Hospitals are also prioritizing lower post-operative complication rates. Studies published through orthopedic associations in 2025 indicated that bioabsorbable fixation systems reduced implant-removal procedures by more than 60% in selected trauma categories, supporting long-term adoption.

Tissue Engineering and Regenerative Medicine Applications Increasing

Regenerative medicine programs are creating another important demand channel for medical-grade poly(lactic-co-glycolic acid). Tissue scaffolds based on PLGA are increasingly used for cell proliferation support, guided tissue regeneration, vascular engineering, and wound healing applications.

The global regenerative medicine sector surpassed USD 48 billion in estimated commercial activity in 2026, supported by rising clinical trial activity in stem cell therapy and tissue repair technologies. PLGA scaffolds are valued for tunable porosity, biodegradation control, and compatibility with biologically active compounds.

Research institutions and biotech firms are incorporating composite scaffold systems combining PLGA with collagen, hydroxyapatite, or bioactive ceramics. These combinations are showing increasing success in bone regeneration and dental tissue engineering.

In November 2025,  highlighted expanded partnerships involving bioresorbable scaffold manufacturing for personalized regenerative medicine platforms. The use of additive manufacturing with biodegradable polymers is improving scaffold geometry precision and accelerating prototyping timelines.

This area remains relatively high value because scaffold-grade polymers require extremely controlled purity profiles and validated biocompatibility testing. Consequently, regenerative medicine applications often command premium pricing compared to standard pharmaceutical excipient usage.

Contract Manufacturing and Outsourcing Trends Strengthening Supply Networks

Another important factor influencing the Medical-Grade Poly(lactic-co-glycolic acid) (PLGA) Market is the growth of pharmaceutical outsourcing. Biopharmaceutical companies increasingly rely on specialized contract development and manufacturing organizations (CDMOs) for sustained-release formulation development.

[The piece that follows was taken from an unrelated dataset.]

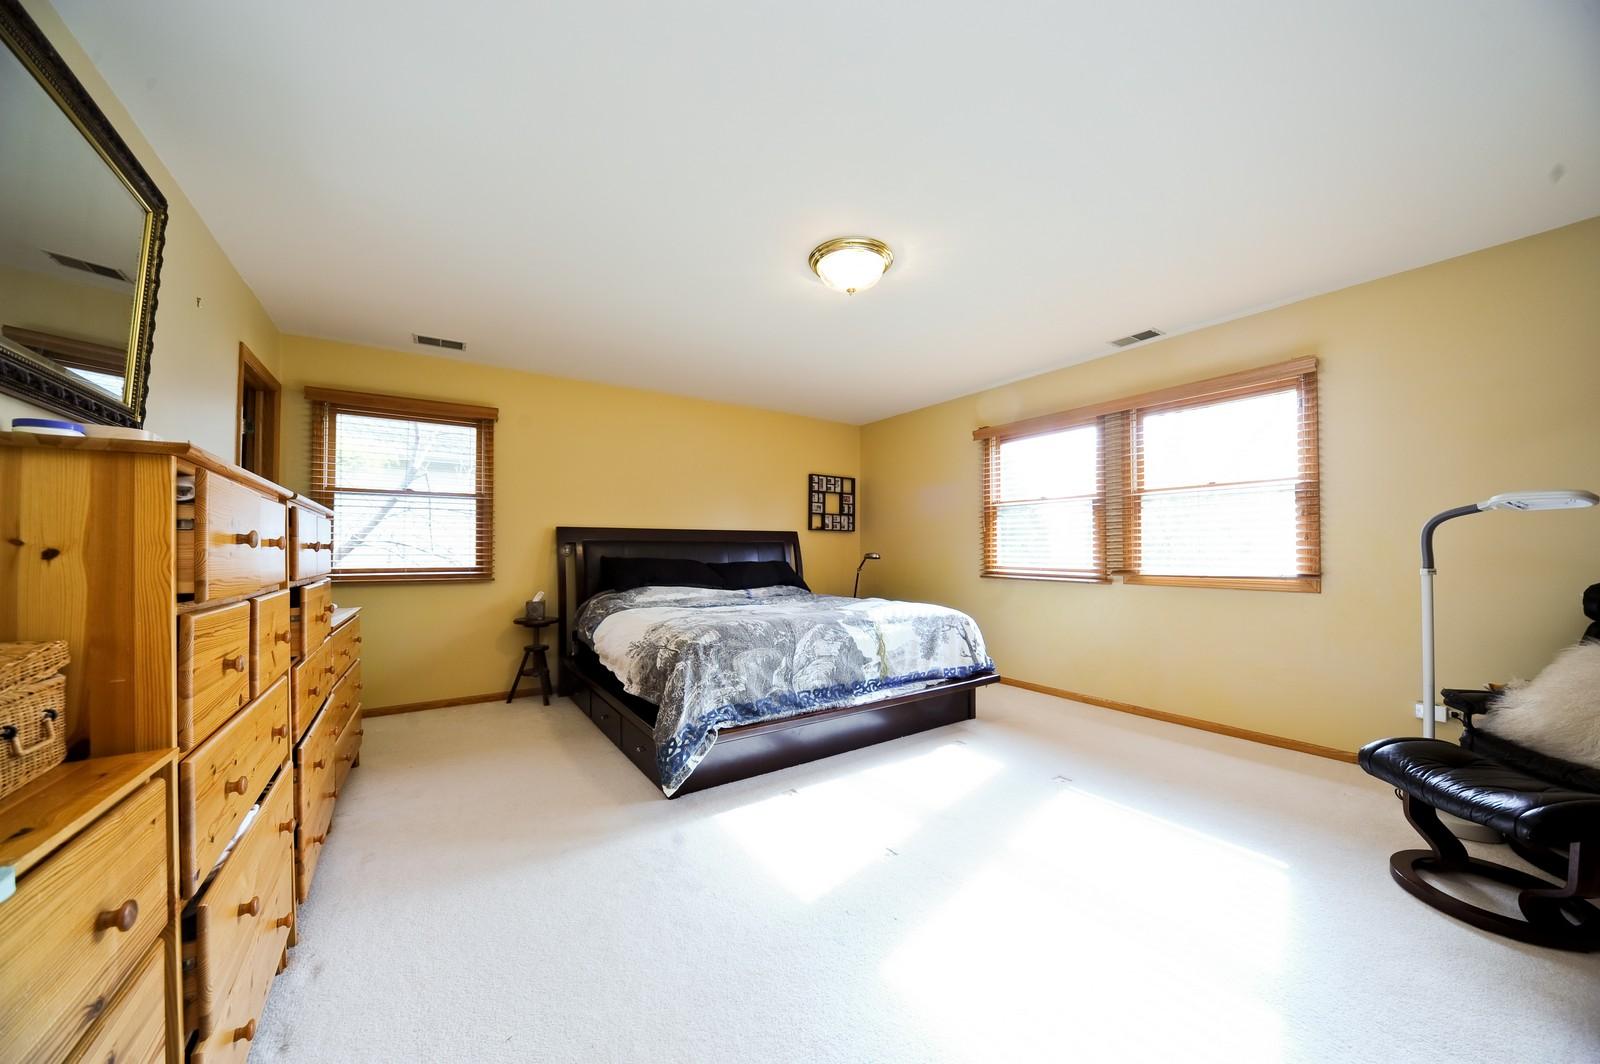 Real Estate Photography - 394 Jefferson, Glencoe, IL, 60022 - Master Bedroom

This outsourcing model is increasing demand for standardized, scalable polymer supply chains. Material producers are investing in dedicated medical-grade manufacturing facilities capable of supporting regulatory submissions across multiple jurisdictions.

In April 2026, expanded pharmaceutical excipient capabilities targeting controlled-release and bioresorbable applications. Similar investments are occurring across Europe and Asia to secure regional supply resilience.

The trend gained momentum after supply chain disruptions experienced during 2021–2023 exposed vulnerabilities in specialty medical polymer sourcing. Pharmaceutical manufacturers now prefer dual-region sourcing strategies for critical excipients, benefiting suppliers with manufacturing presence in both Western markets and Asia-Pacific.

India and South Korea are attracting increased attention as secondary production hubs due to lower processing costs and improving GMP infrastructure. South Korean biomaterials exports for medical applications increased by nearly 12% during 2025–2026, supported by government-backed biotechnology incentives.

Rising Preference for Personalized Drug Delivery Architectures

Drug developers are moving away from one-size-fits-all release systems toward customized pharmacokinetic profiles. This trend is expanding the diversity of PLGA formulations used commercially.

Instead of standardized polymer grades, pharmaceutical companies increasingly request precise lactide:glycolide ratios, intrinsic viscosity ranges, particle size distribution controls, and terminal group modifications. Such customization improves encapsulation efficiency for sensitive biologics and peptides.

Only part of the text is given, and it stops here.